6. The defendant Reksid now holds the title of "Remadelchelid".

CONCLUSIONS OF LAW

[1] 1. The assignment of clan or family land to an individual to use, is commonly made under Palau custom for the remainder of that individual's life. Although this assignment is subject to change by the group, such change during the lifetime of the person to whom the use of the land has been assigned, is not the usual practice. Ordinarily the question of reassignment comes up when the former person to whom the land was assigned has died. Consequently, the mere fact that an individual to whom the land has been assigned for use lives a long time and consequently enjoys the use of the land for a long period, raises no presumption of ownership of anything more than the use rights assigned.


[2-4] 2. Similarly, the fact that a person holds a title as the head of a family for many years and as such enjoys the use of the lands going with that title, does not give him any power to dispose of those lands. This is so regardless of whether he has acquired the title in the normal manner of inheritance as the senior member of the family or whether he is an outsider who is invited by the family to hold or "guard" the title, because there is no one in the family at the time considered both eligible by birth and competent or mature enough to perform the duties involved. It was held by this court in Palau District Civil Action No. 11, 1 TTR 66, that the chief of a clan has no authority to dispose of family land owned by a family within the clan without the consent of that particular family. Following the same principle, the court holds that under Palauan customary law controlling in this matter the head of a family has no authority to dispose of family land of that family without the consent of the family. It is not necessary in this case to determine the exact minimum requirements to show family consent since in this case there has been no showing of any appearance of consent by the family.
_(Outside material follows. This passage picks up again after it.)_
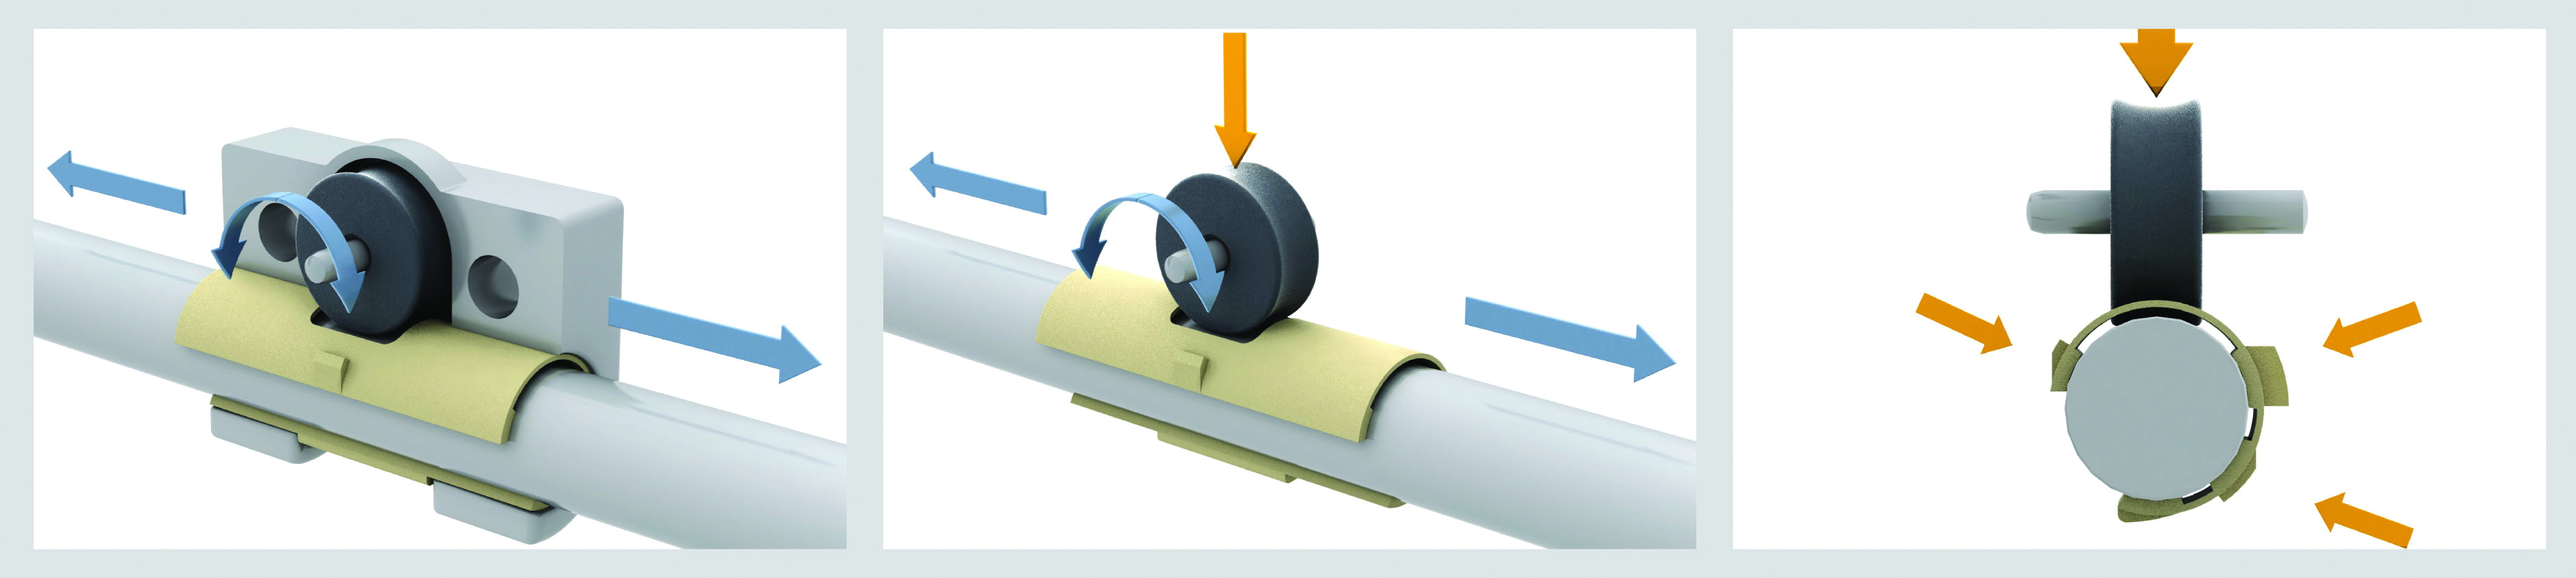 The innovative hybrid linear bearing DryLin® WJRM from igus UK combines rolling and sliding. It was developed for the manual adjustment of machine and guard doors up to 50 kg.

[5-8] 3. This court also held in Palau District Civil Action No. 11, 1 TTR 66, that recognition by the Japanese Government surveyors of a purported transfer of land is at the most only some evidence that an effective transfer has been made. The same is true as to the listing of ownership in the report of the Japanese survey completed in 1941. Such listing does not prevent the court from inquiring into the true situation. In cases such as this one where the land has been listed as the private property of the individual who was admittedly in charge of it, had the lawful use of it, and normally represented it in dealings with outsiders, any presumption of private ownership as distinguished from family ownership, is weakened, since in accordance with usual Palau practice he would be the one who would normally supply the detailed information as to ownership and would be the one the family would naturally rely on to protect its interests in dealings with outsiders. Furthermore, in a loose and popular way, the land might often be described as belonging to the title, so that listing of family land in the name of the holder of the title of the head of the family could easily occur without creating any discussion at the time. Unless some question was raised about the ownership of a particular piece of family land, the exact way in which it was listed was not likely to come to the attention of the ordinary members of the family. In this instance, any presumption arising from the listing of the land in the report of the survey as private land, has been effectively rebutted and shown to be in error.

JUDGMENT

It is ordered, adjudged and decreed as follows:-

1. As between the parties and all persons claiming under them, the parcel of land known as Akii, located' in Ngaraard Municipality on Babelthaup Island in the Palau District, and designated in the Japanese land records as No. 1351, is owned by the Akii family of the Tublai clan, and the defendant Reksid, as the holder of the title of "Remadelchelid", is entitled to the exclusive use of this land so long as he continues to hold that title.


2. This judgment shall not affect any rights of way which may exist over or across the land in question.

3. No costs are assessed against either party.